The unsent letter can be powerful when you want to say something to someone but feel you can’t. It might be you’re angry or upset with someone and you’re holding on to those strong emotions, because you feel unable to share them. So, you simply write everything you want to say to this person in a letter without worrying about hurting anyone’s feelings, because it’s not going to be sent. Writing it alone can really help, but it can also be used as a way of getting your thoughts together before confronting someone in a less emotional state.

If you want to take this one step further, you could write a letter back to yourself from the other person.

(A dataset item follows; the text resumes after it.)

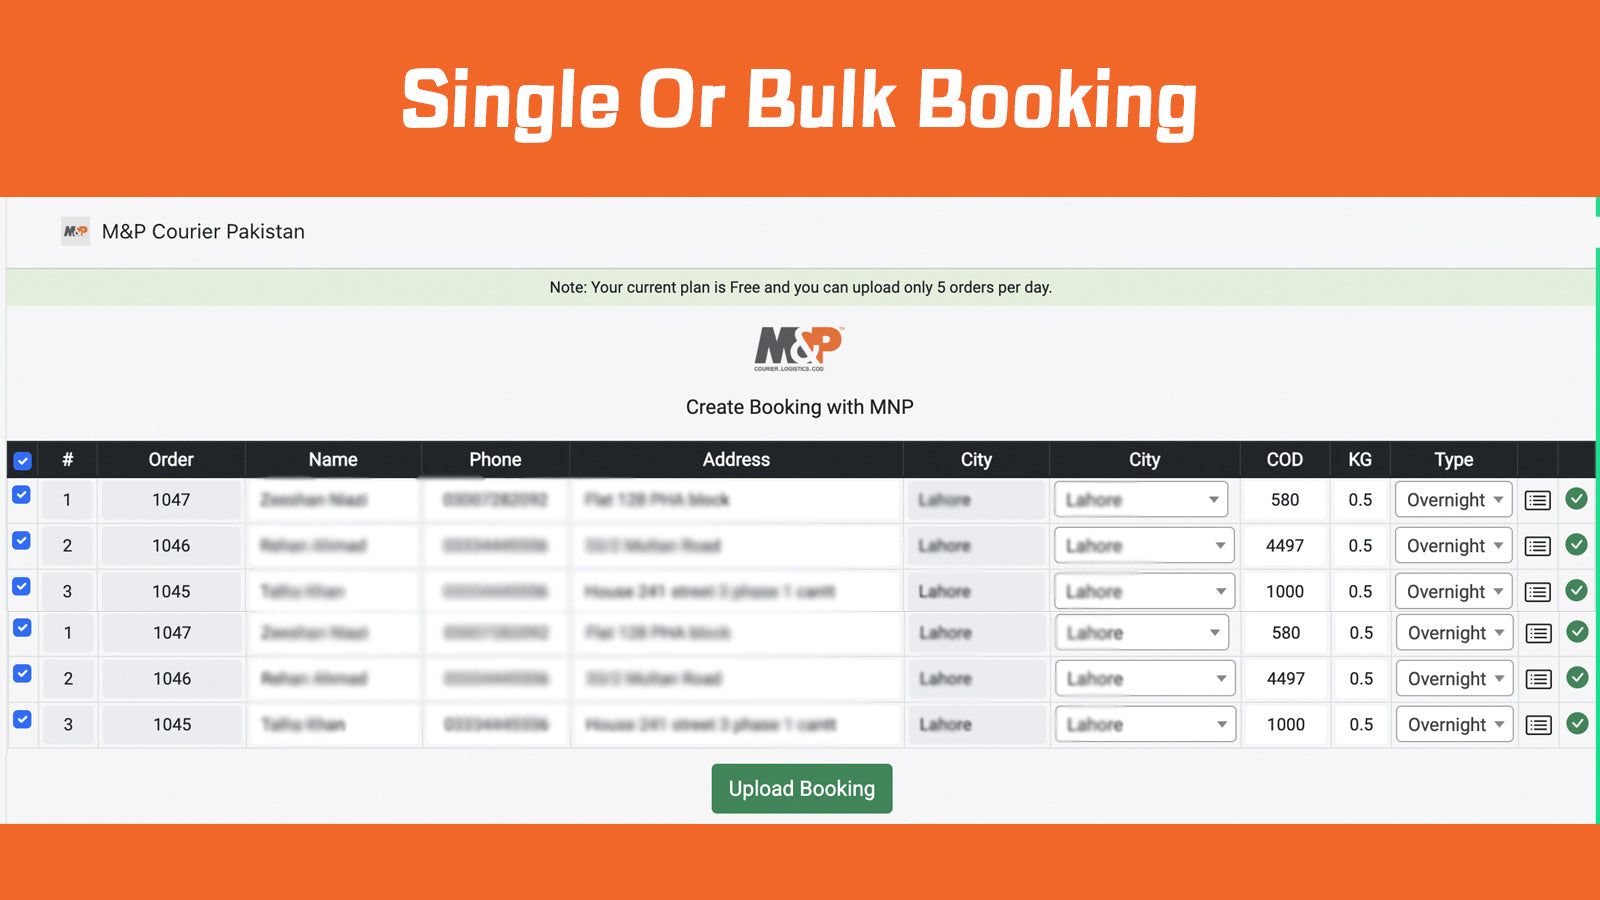 Single or Bulk Booking

The results can be surprising, as they can offer another perspective to the situation you might not have thought of.

Quick lists

Writing lists quickly and without editing them can be helpful and used in lots of different ways. Say you’re feeling anxious, you could start a list like:

I’m really anxious about:

  • My new job
  • Lack of sleep
  • Bad diet

Rather than just focusing on the anxiety, writing a list can sometimes help uncover what might be causing it, which you could then explore further in a journal, with a friend or a counsellor.

Another example of a quick list which can help if you’re feeling low is:

Three good things that happened today:

  • I got through the day at work despite little sleep
  • I met a friend for coffee
  • I went to the gym

Writing therapy really helps my clients and it could help you too!